Logistic regression as KL minimization

We have seen in a previous post that maximum likelihood estimation is nothing else but KL minization. Therefore, it should come as no surprise that maximum likelihood estimation of logistic regression model parameters is equivalent to KL minimization. Below the relation is shown explicitly.

Problem setting

Let $p(x, t)$ be the true data distribution (density), where $x \in \mathbb{R}^n$ is the input and $t \in \{0, 1\}$ is the target (also called label or output). If we knew $p(x, t)$, we would be absolutely happy because then we could answer any question about $x$ and $t$; for example, “What is the most likely value of $t$ for a given $x$?” However, we can access $p(x, t)$ only through a dataset $D = \{ (x_i, t_i) \}_{i=1}^N$ of input-output pairs $(x_i, t_i)$ drawn from $p(x, t)$. In order to still be able to answer meaningful questions about $(x, t)$, we fit a parametric model $p_w(x, t)$ to the data and then treat that parametric model as the true data distribution $p(x, t)$.

KL minimization

Clearly, one especially aesthetically pleasing way of fitting a parametrized density $p_w(x, t)$ to an empirical density

\begin{equation*} \hat{p}(x, t) = \frac{1}{N} \sum_{i = 1}^N \delta_{t_i, t} \delta(x - x_i) \end{equation*}

is through minimizing the KL between them. (There are other ways; see the awesome book Computational Optimal Transport for alternative approaches to measuring ‘distance’ between clouds of points and continuous distributions). The KL is given by

\begin{equation*} KL(\hat{p}(x, t) \| p_w(x, t)) = \int_{\mathbb{R}^n} \sum_{t \in \{0, 1\}} \log \left( \frac{\hat{p}(x, t)}{p_w(x, t)} \right) \hat{p}(x, t) dx. \end{equation*}

Maximum likelihood estimation

Since we are interested in minimizing it with respect to the parameters $w$, we can get rid of the terms that do not depend on $w$, \begin{equation*} J(w) = - \int_{\mathbb{R}^n} \sum_{t \in \{0, 1\}} \log p_w(x, t) \hat{p}(x, t) dx. \end{equation*}

Upon substitution of the empirical distribution, we recover the negative log-likelihood objective

\begin{equation*} J(w) = - \frac{1}{N} \sum_{i = 1}^N \log p_w(x_i, t_i). \end{equation*}

Logistic regression

Great!
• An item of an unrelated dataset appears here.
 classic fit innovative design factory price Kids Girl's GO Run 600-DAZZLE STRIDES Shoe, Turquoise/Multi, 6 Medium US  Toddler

But till now we didn’t say anything about logistic regression; the derivation was completely general and it did not depend on how exactly $p_w(x, t)$ was defined. The logistic regression model proposes to split the joint density

\begin{equation*} p_w(x, t) = p_w(t | x) p(x) \end{equation*}

and model the posterior $p_w(t | x)$ explicitly

\begin{equation*} p_w(t | x) = \sigma_w^t(x) (1 - \sigma_w(x))^{1 - t} \end{equation*}

using the logistic function

\begin{equation*} \sigma_w(x) = \frac{1}{1 + e^{-w^T x}} \end{equation*}

while assuming the evidence $p(x)$ to be a fixed distribution with sufficiently wide support covering all regions of space where we have samples. Substituting this model of the joint distribution into the cost function, we obtain

\begin{equation*} J(w) = -\frac{1}{N} \sum_{i = 1}^N \left\{ t_i \log \sigma_w(x_i) + (1 - t_i) \log (1 - \sigma_w(x_i)) \right\}. \end{equation*}

After this point, it’s a matter of optimization to find the minimizer of this cost function.
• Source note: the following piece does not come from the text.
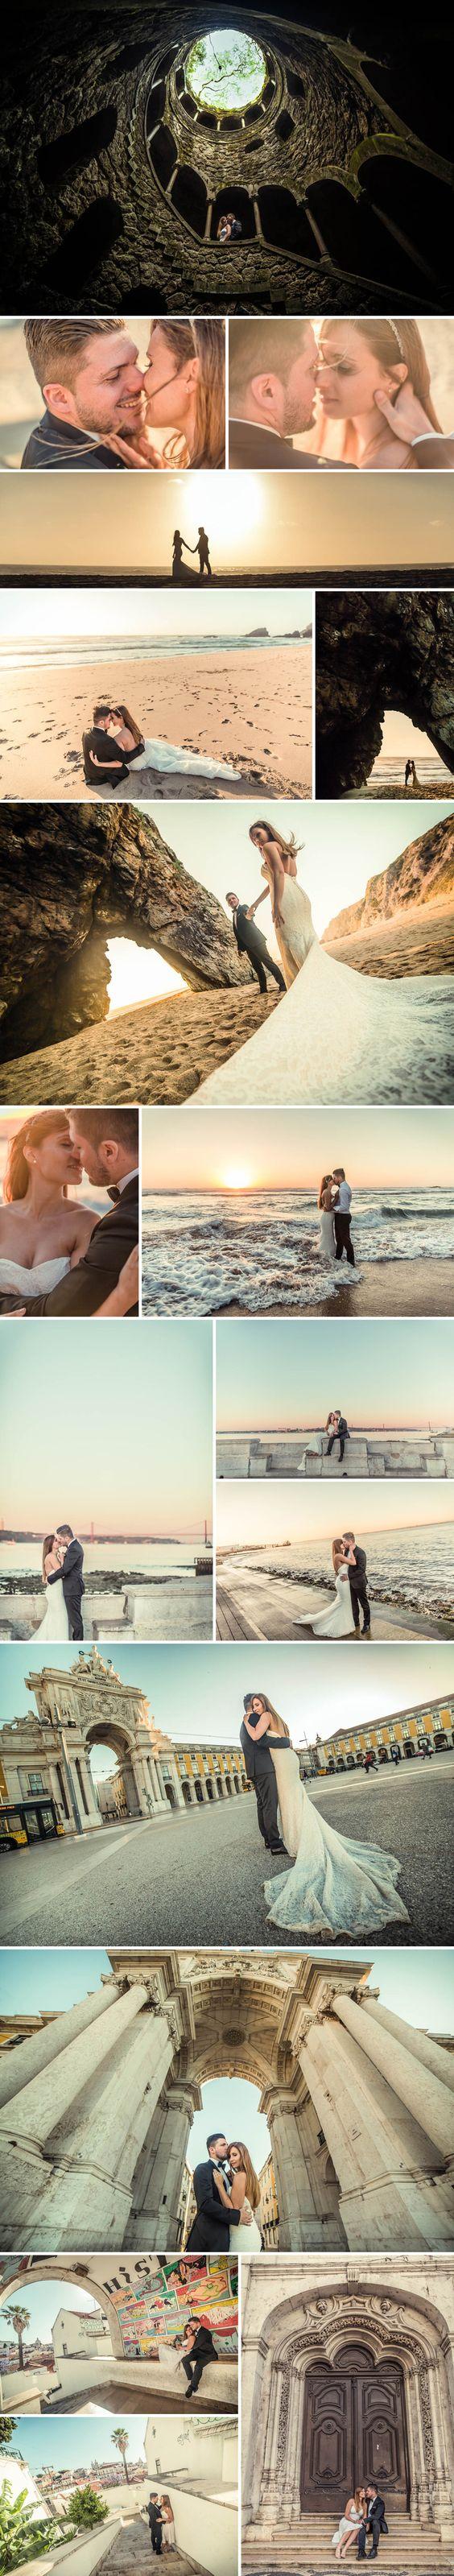 mariage wedding lisbonne lisboa portugal

Additive form of the posterior

Since $t$ can only take values $t = 0$ or $t = 1$, we could have equivalently defined the posterior as

\begin{equation*} p_w(t|x) = t \sigma_w(x) + (1 - t) (1 - \sigma_w(x)). \end{equation*}

Such parametrization was chosen, for example, in the autograd tutorial.


The logistic regression model only estimates the posterior $p(t|x)$, leaving the evidence $p(x)$ unspecified, which limits the number of questions one can answer using this model. Nevertheless, logistic regression covers the very important special case of classification, which makes it an essential tool in the machine learning toolbox.